P232 Oesophageal Crohn’s disease: diagnosis and outcome of an ECCO-CONFER case series
R. Rodrigues*1, M. Sladek2, K. Katsanos3, C. J. Van der Woude4, J. Wei5, N. Teich6, P. Ellu7, E. Savarino8, M. Chaparro9, D. Beaton10, A. M. Oliveira11, M. Fragaki12, A. Bar-Gil Shitrit13, L. Ramos14, K. Karmiris12
1Instituto Português de Oncologia de Lisboa, Gastroenterology, Lisbon, Portugal, 2Jagiellonian University Medical College, Pediatrics, Gastroenterology and Nutrition, Krakow, Poland, 3School of Health Sciences and University Hospital of Ioannina, Gastroenterology, Ioannina, Greece, 4Erasmus Medical Center, Gastroenterology and Hepatology, Rotterdam, The Netherlands, 5Nanjing University Affiliated Jinling Hospital, Gastroenterology and Hepatology, Nanjing, China, 6Gastroenterology Outpatients Clinic, Leipzig, Germany, 7Mater Dei Hospital, Medicine, Msida, Malta, 8University of Padua, Surgery, Oncology and Gastroenterology – DiSCOG, Padova, Italy, 9Hospital Universitario de La Princesa, Gastroenterology, Madrid, Spain, 10Royal Victoria Infirmary, Gastroenterology, Newcastle Upon Tyne, UK, 11Hospital Prof. Doutor Fernando Fonseca, Gastroenterology, Amadora, Portugal, 12Venizeleio General Hospital, Gastroenterology, Heraklion, Greece, 13Digestive diseases Institute, Shaare Zedek Medical Center, Jerusalem, Israel, 14Hospital Universitario de Canarias, Tenerife, Spain
Crohn’s disease (CD) can involve any part of the gastrointestinal tract. We aimed to characterise clinical, endoscopic, histological features and treatment outcomes of CD patients with oesophageal involvement.

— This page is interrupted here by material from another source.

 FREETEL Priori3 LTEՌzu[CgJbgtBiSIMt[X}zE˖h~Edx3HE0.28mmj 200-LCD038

This was a European Crohn’s and Colitis Organization (ECCO) retrospective observational study performed as part of CONFER [COllaborative Network For Exceptionally Rare case reports] project. A call was made to all ECCO members to report CD patients with oesophageal involvement. Clinical data were recorded in a standardised case report form.

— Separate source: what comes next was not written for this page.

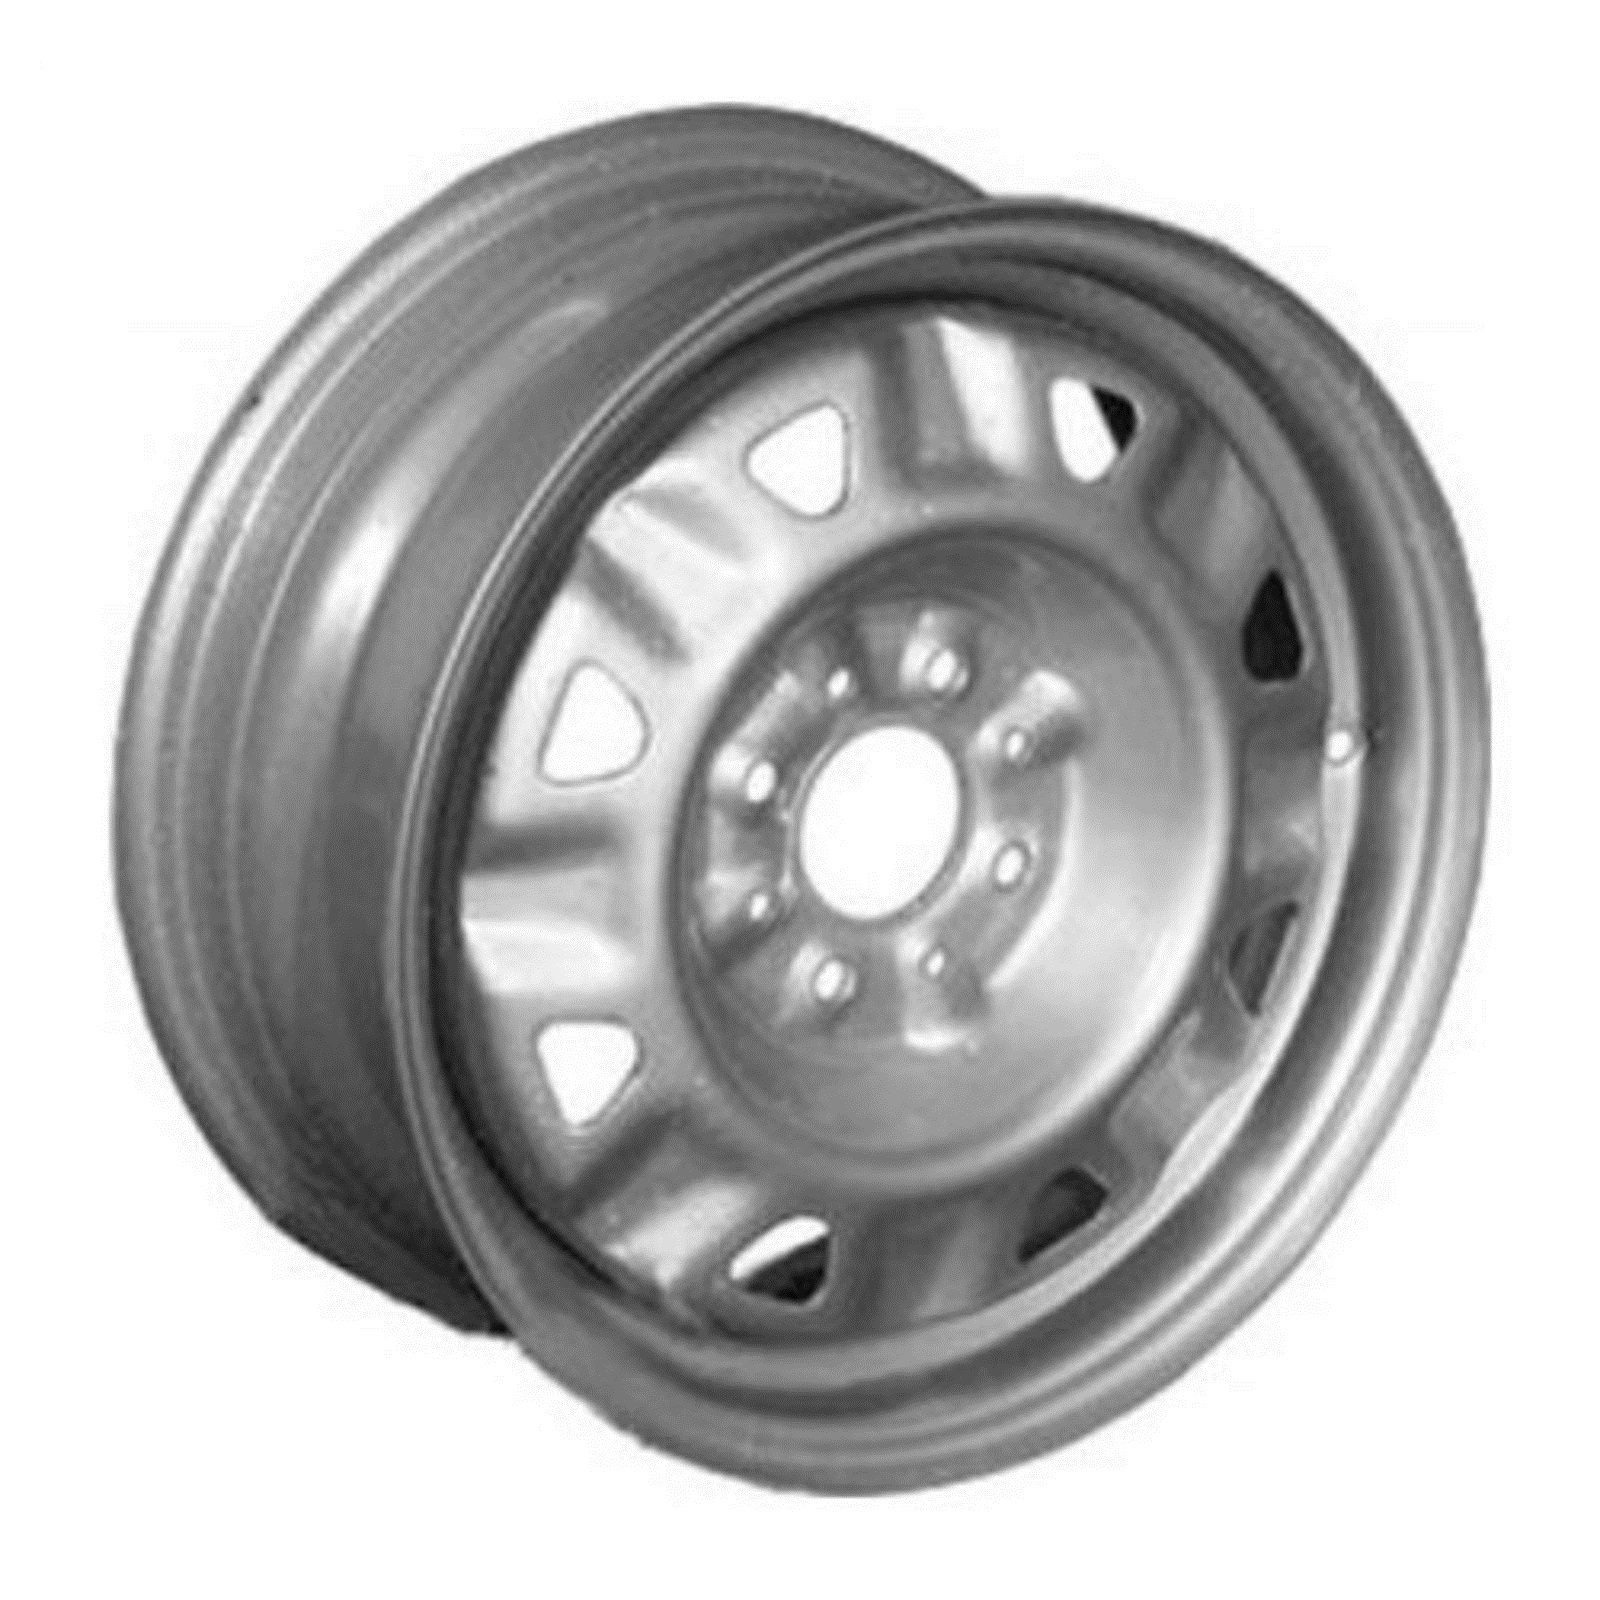 Gaz 102310101520 Wheel Steel Rim (Silver) GAZ 5.0x14 4x98 ET35 DIA58.6 102310101520

Forty patients were reported [24 males, mean age at oesophageal CD diagnosis: 22 years (10–46) and mean time of follow-up: 61 (3–240) months]. Oesophageal involvement was established at CD diagnosis in 25 patients (62.5%) and during follow-up in 15. CD was exclusively located in the oesophagus in 2 patients while in the rest, small bowel involvement was present in 81.5%, colonic in 73.6% and gastric in 50%. Twenty-three patients (57.5%) presented with non-stricturing, non-penetrating behaviour, 18 (45%) had perianal disease, and 12 (30%) extra intestinal manifestations. Nine patients (22.5%) were asymptomatic at oesophageal disease diagnosis. Distal oesophagus was the most common site of involvement (62.5%). Oesophageal strictures were present in six patients and fistulising oesophageal disease in one. Eight patients exhibited granulomas on biopsies. Medical treatment: proton-pump inhibitors (PPIs, 87.5%), steroids (52.5%), thiopurines (52.5%), anti-TNFs (52.5%) and exclusive enteral nutrition (20%). Three patients underwent endoscopic dilation for symptomatic strictures and none oesophageal surgery. Oesophageal disease diagnosed during follow-up for CD (15/40) resulted in treatment modifications in 9 patents. Remission or improvement of oesophageal disease was seen in 38/40 (95%) patients after a mean time of 7 (1–18) months while in overall CD these outcomes were reported in 29/38 patients (76.3%). Follow-up endoscopy was performed in 30/40 patients and 27/30 (90%) achieved mucosal healing.
Oesophageal CD involvement can be detected either at CD diagnosis or during follow-up, manifesting as the only site of CD location in rare cases. Phenotypic characteristics are similar to those of other sites of involvement and diagnosis can be done even during overall CD remission. Optimal treatment is conservative but not consensual depending also on extra oesophageal sites of involvement, with PPIs administered in the majority of patients and treatment modifications occurring infrequently when diagnosed at a later phase. These results should be interpreted with caution due to the small sample size and the design of this project.